Obviously, \(F(0,\mathbf{s} )=\mathbf{1} -\mathbf{s} \), \(F(1,\mathbf{s} )={\widetilde{G}}(\mathbf{s} )\). Thus, \(\mathbf{1} -\mathbf{s} \) and \({\widetilde{G}}(\mathbf{s} )\) are homotopy. Moreover, for any \(\theta \in [0,1]\) and \(\mathbf{s} \in B_{\frac{\tau }{2}}(\mathbf{1} )\), we obtain \(F(\theta ,\mathbf{s} )\cdot (\mathbf{1} -\mathbf{s} )>0\). Thus, \(F(\theta ,\mathbf{s} )\ne \mathbf{0} \).

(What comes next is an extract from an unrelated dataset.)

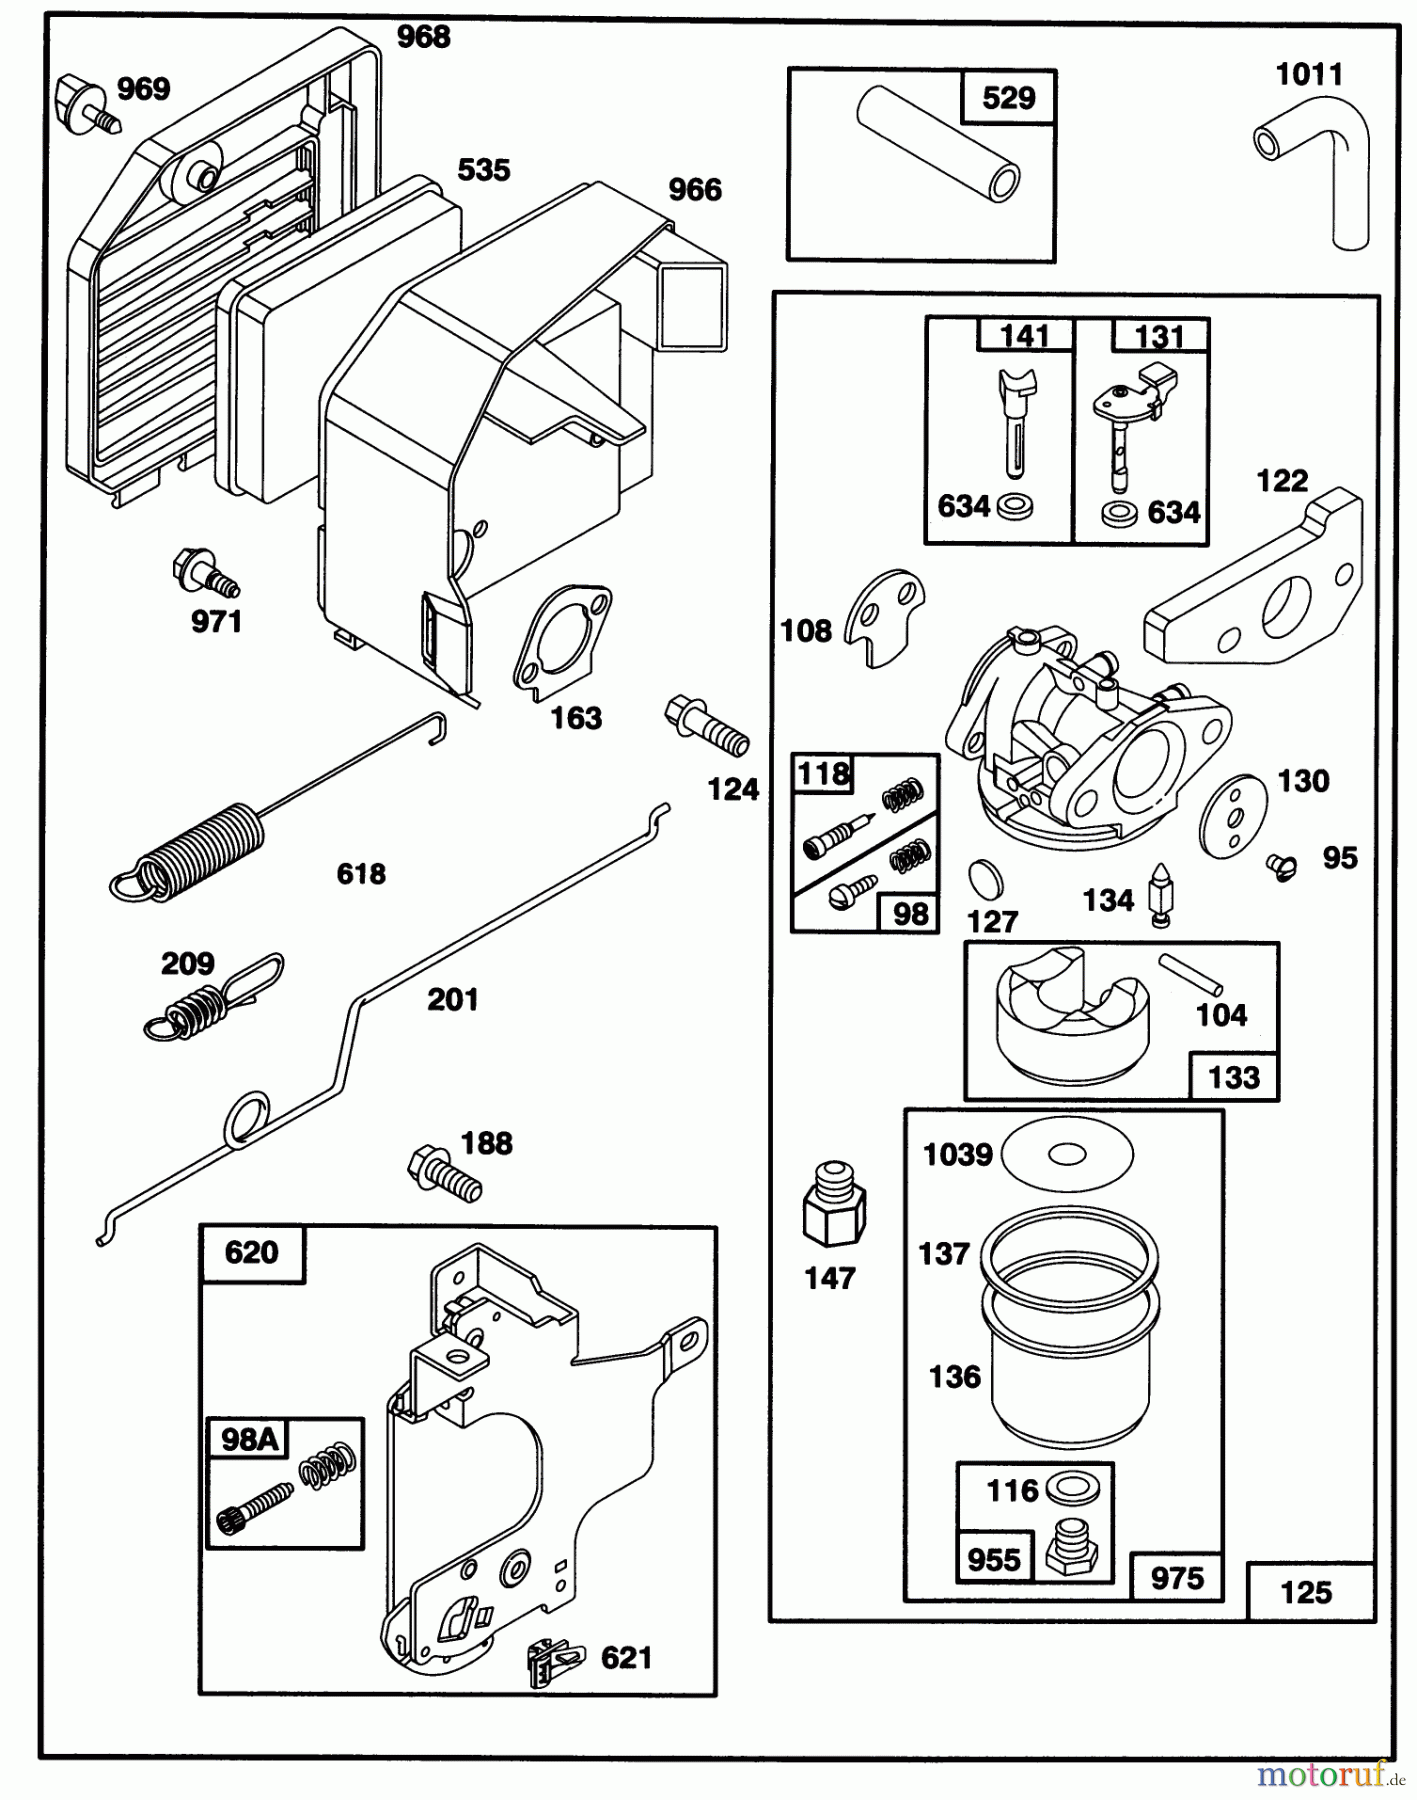  Toro Neu Mowers, Walk-Behind Seite 1 20763B - Toro Lawnmower, 1993 (39000001-39999999) ENGINE GTS-150 #2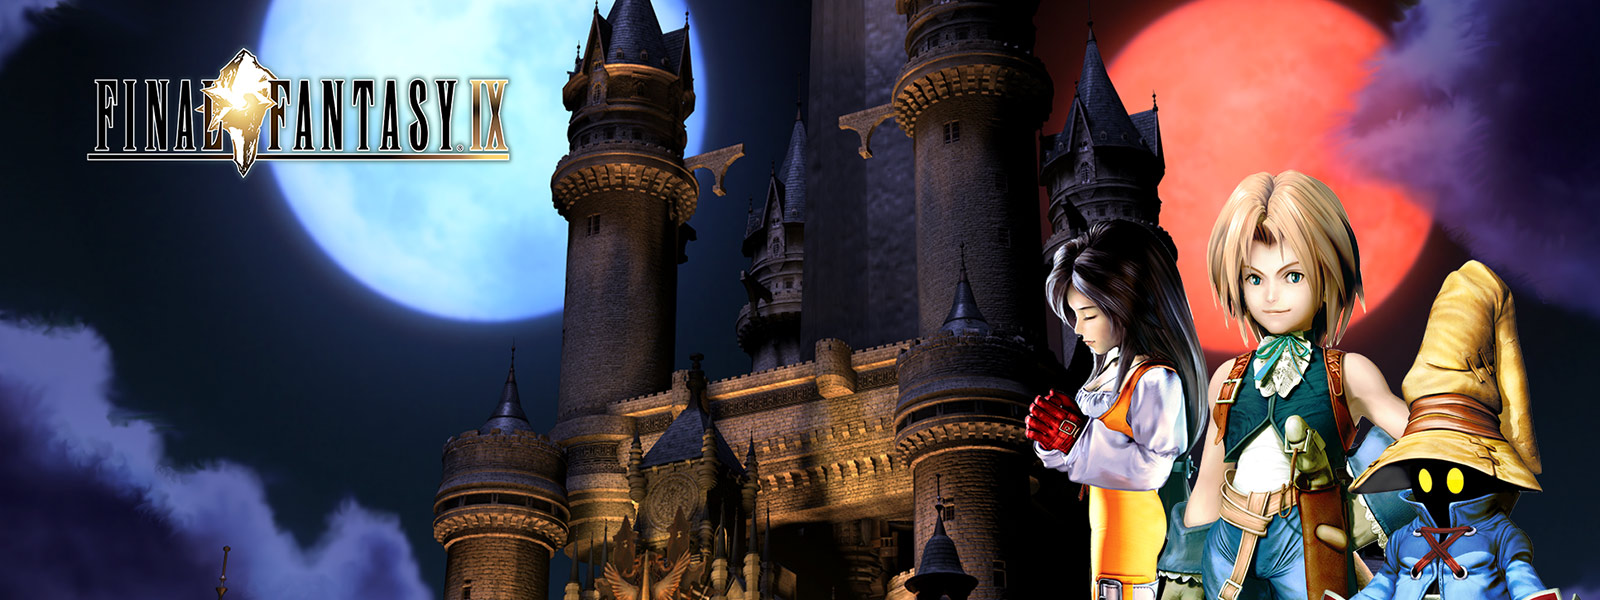 最终幻想 IX 的角色 Garnet Til Alexandros XVII、Zidane Tribal 和 Vivi Orunitia 站在城堡前

By the Brouwer degree theory, we have

$$\begin{aligned} \deg ({\widetilde{G}},B_{\frac{\tau }{2}}(\mathbf{1} ),0)=\deg (1-id,B_{\frac{\tau }{2}}(\mathbf{1} ),0)=(-1)^{k+1}\ne 0. \end{aligned}$$

Therefore, there exists some \(\varvec{{\bar{s}}}\in B_{\frac{\tau }{2}}(\mathbf{1} )\) such that \({\bar{g}}(\varvec{{\bar{s}}})\in {\mathcal {N}}_k\) . The claim follows.

According to the claim, we have

$$\begin{aligned} J_b({\bar{g}}(\varvec{{\bar{s}}}))\ge c_k. \end{aligned}$$
(3.9)

On the other hand, by the mean value theorem and (3.8), we have

$$\begin{aligned} J_b({\bar{g}}(\varvec{{\bar{s}}}))&=I_b\left( \sum _{i=1}^{k+1}{\bar{s}}^{\frac{1}{p}}_i\xi ^{\varvec{\bar{\rho }}_k}_i\right) +\int _0^1\left<I^\prime _b\left( \sum _{i=1}^{k+1}s^{\frac{1}{p}}_i\xi ^{\varvec{\bar{\rho }}_k}_i+\theta \tau \eta (\varvec{{\bar{s}}})\phi \right) ,\tau \eta (\varvec{{\bar{s}}})\phi \right>d\theta \\&\le I_b\left( \sum _{i=1}^{k+1}{\bar{s}}^{\frac{1}{p}}_i\xi ^{\varvec{\bar{\rho }}_k}_i)-\tau \eta (\varvec{{\bar{s}}}\right) . \end{aligned}$$

If \(\varvec{s}\in B_{\frac{\tau }{2}}(\mathbf{1} )\) for each i, then \(\eta (\varvec{{\bar{s}}})>0\), by Corollary 3.2

$$\begin{aligned} J_b({\bar{g}}(\varvec{{\bar{s}}})) <I_b\left( \sum _{i=1}^{k+1}{\bar{s}}^{\frac{1}{p}}_i\xi ^{\varvec{\bar{\rho }}_k}_i\right)&=J_b({\bar{s}}^{\frac{1}{p}}_1\xi ^{\varvec{\bar{\rho }}_k}_1,\ldots ,{\bar{s}}^{\frac{1}{p}}_{k+1}\xi ^{\varvec{\bar{\rho }}_k}_{k+1}) \\&\le J_b(\xi ^{\varvec{\bar{\rho }}_k}_1,\ldots ,\xi ^{\varvec{\bar{\rho }}_k}_{k+1})=d(\varvec{\bar{\rho }}_k)=c_k, \end{aligned}$$

and if \(\varvec{s}\not \in B_{\frac{\tau }{2}}(\mathbf{1} )\), then \(\eta (\varvec{{\bar{s}}})=0\), by corollary 3.2

$$\begin{aligned} J_b({\bar{g}}(\varvec{{\bar{s}}}))&=I_b\left( \sum _{j=1}^{k+1}{\bar{s}}^{\frac{1}{p}}_j\xi ^{\varvec{\bar{\rho }}_k}_j\right) =J_b\left( {\bar{s}}^{\frac{1}{p}}_1\xi ^{\varvec{\bar{\rho }}_k}_1,\ldots ,{\bar{s}}^{\frac{1}{p}}_{k+1}\xi ^{\varvec{\bar{\rho }}_k}_{k+1}\right) \\&< J_b(\xi ^{\varvec{\bar{\rho }}_k}_1,\ldots ,\xi ^{\varvec{\bar{\rho }}_k}_{k+1})=d(\varvec{\bar{\rho }}_k)=c_k, \end{aligned}$$

which also contradicts to (3.9). Therefore, the function \(u^b_k\) is a solution of (1.3), such that \(J_b(u^b_k)=c_k\). The proof of Theorem 1.1 is complete.